The online daily Berliner Zeitung (BZ) here reports that German consumers in 2015 have “never paid so much money for supporting renewable energy.”
Wind energy is hugely expensive and doesn’t work well. Photo: NTZ
Some 15 years ago German Environment Minister, Jürgen Trittin, wanted the public to believe that Germany’s Energiewende (transition to renewable energies) would only cost consumers about as much as one scoop of ice cream per month. Since those famous words were spoken that scoop has ballooned to a jumbo bucket of Ben and Jerry’s.
Never have German consumers paid so much for electricity. Indeed one study concluded that the high cost of electricity in Germany is resulting in hundreds of thousands of German households having their power cut off because families can no longer afford the high electric bills – see here and here. It just goes to show that under reckless political management even a scoop of ice cream can become a luxury.
The BZ reports:
According to media reports, 24.1 billion euros were paid out to green energy producers last year. That is 2.6 billion euros, or 12 percent, more than in 2014.”

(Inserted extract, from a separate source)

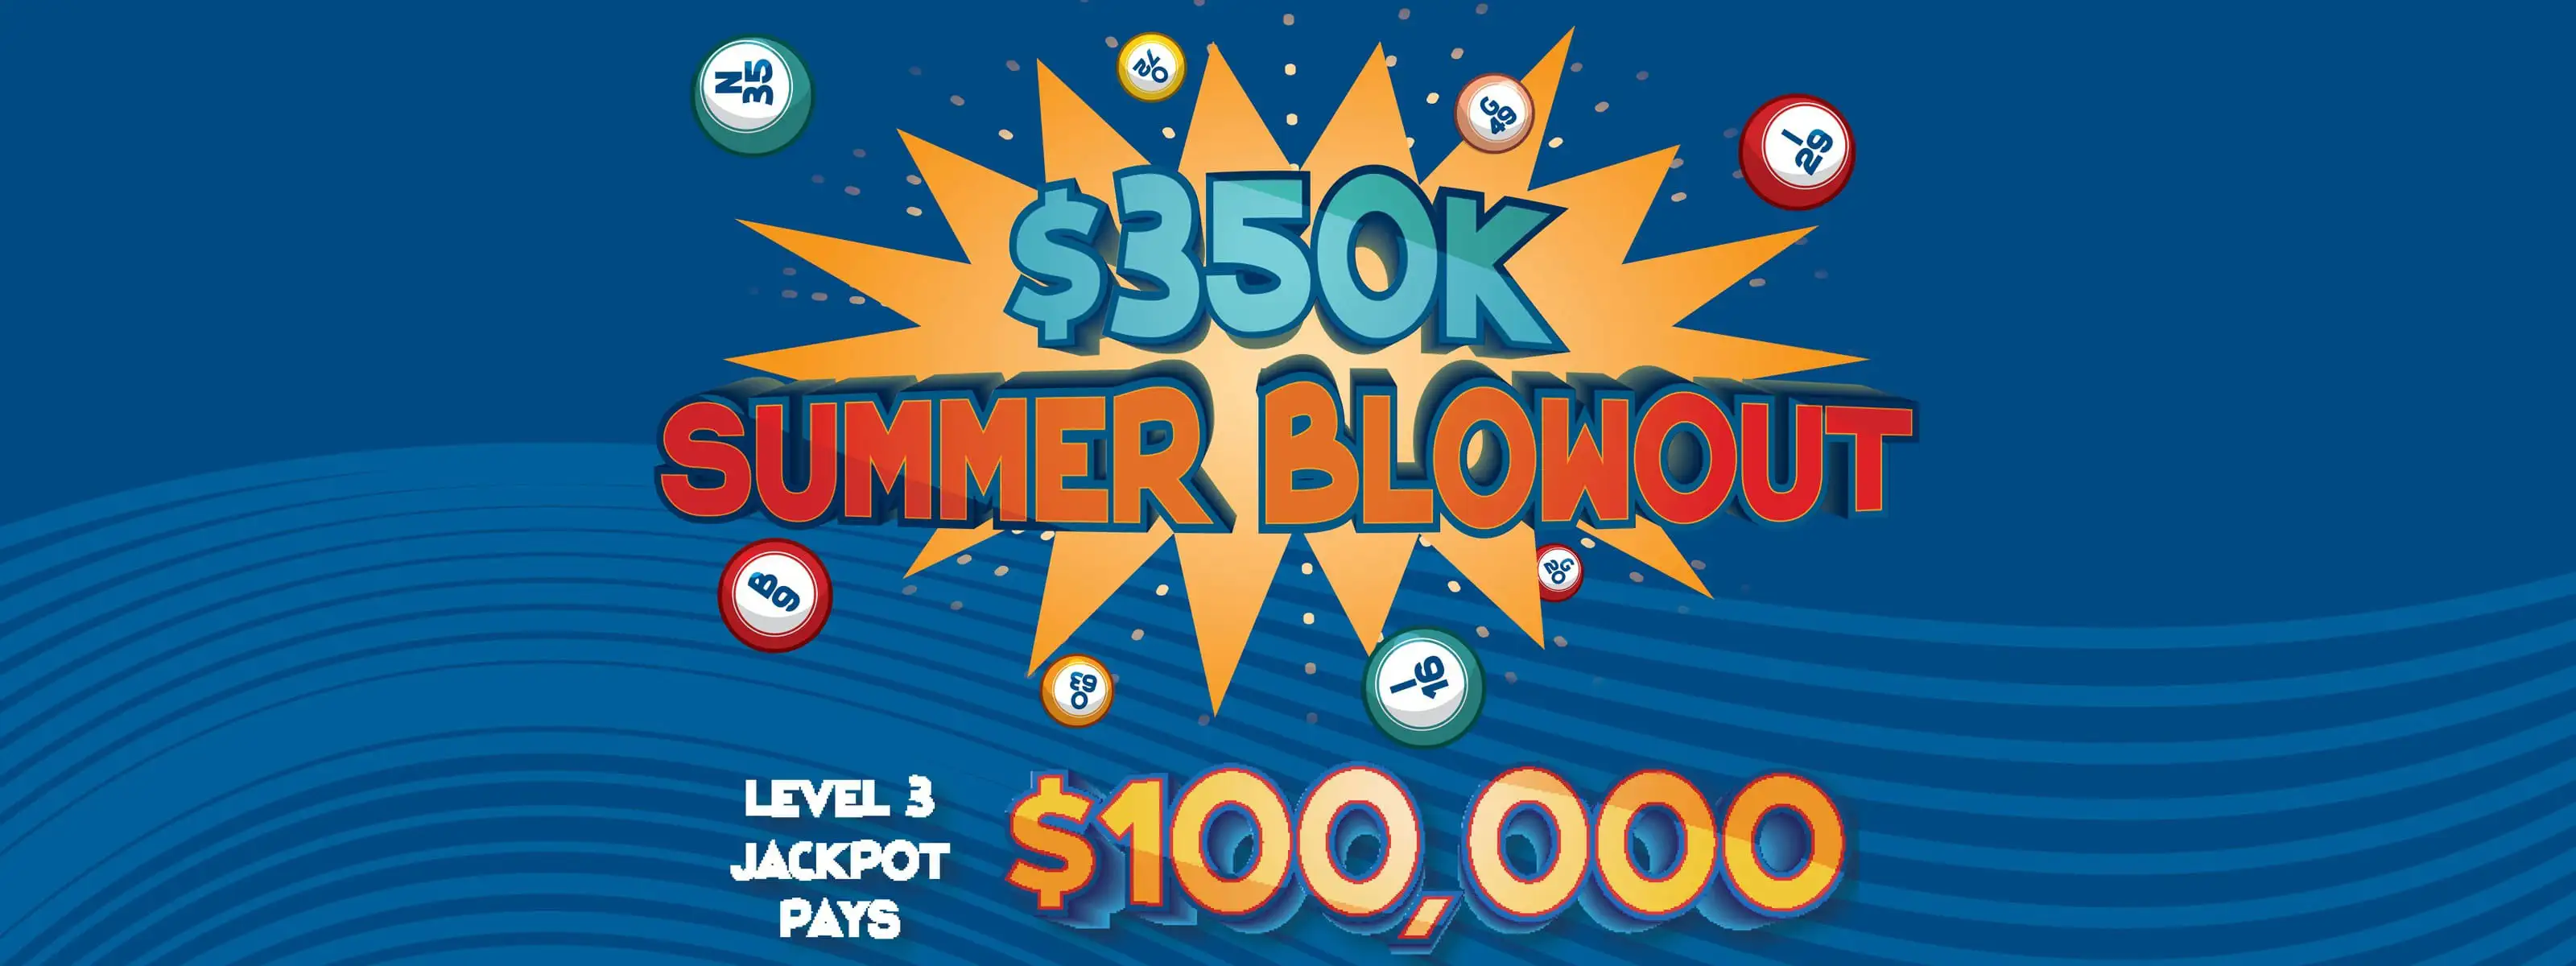 $350 summer blowout Bingo

The costs are rising so fast that some leading politicians are (finally) beginning to sound the alarms. The BZ writes that leading conservative politician Michael Fuchs of Angela Merkel’s CDU party “fears the worst“, telling the flagship daily Frankfurter Allgemeine Zeitung that the Energiewende “is on the best path to becoming a financial disaster”.
And despite the massive investment, wind energy was only able to deliver 13% of Germany’s electricity needs last year – and that in a year which was a relatively windy one.

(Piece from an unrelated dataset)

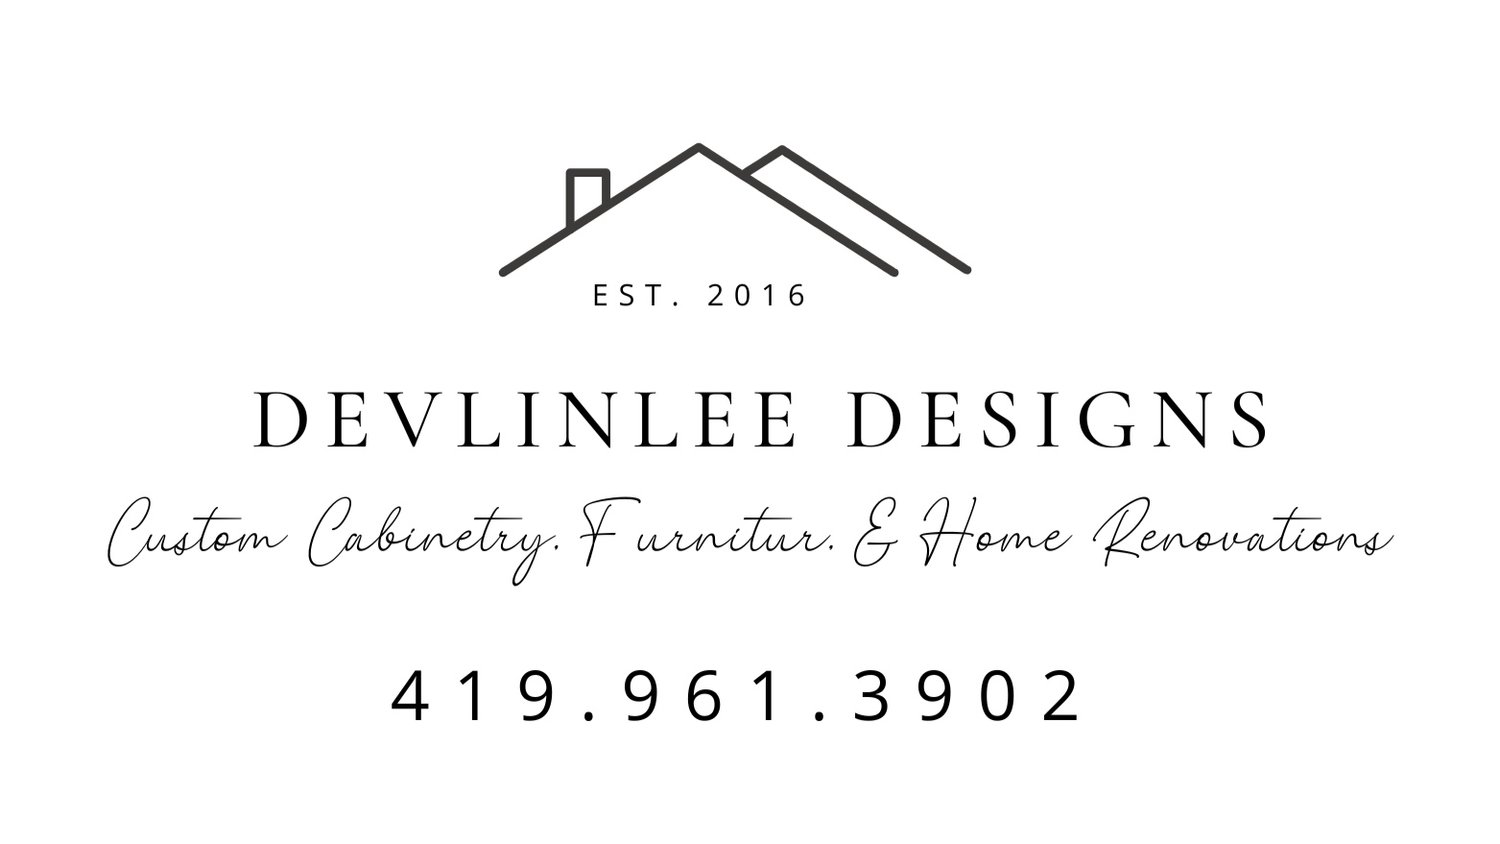 DevlinLee Designs

What will be the consequence of all the Bernie-Sanders-“free” green energy in the future? The Berliner Zeitung writes: “Higher costs”.
One reason for the higher costs, the BZ writes, is because of the governments plan to boost investment in offshore wind parks – and slow down the construction of onshore parks. The problem with that plan is that offshore wind energy is far more expensive. Offshore wind park operators are guaranteed up to 19.4 euro-cents per kilowatt-hour – which is some three times more than what onshore operators get.
And there’s still remains the problem of getting offshore wind energy to markets inland.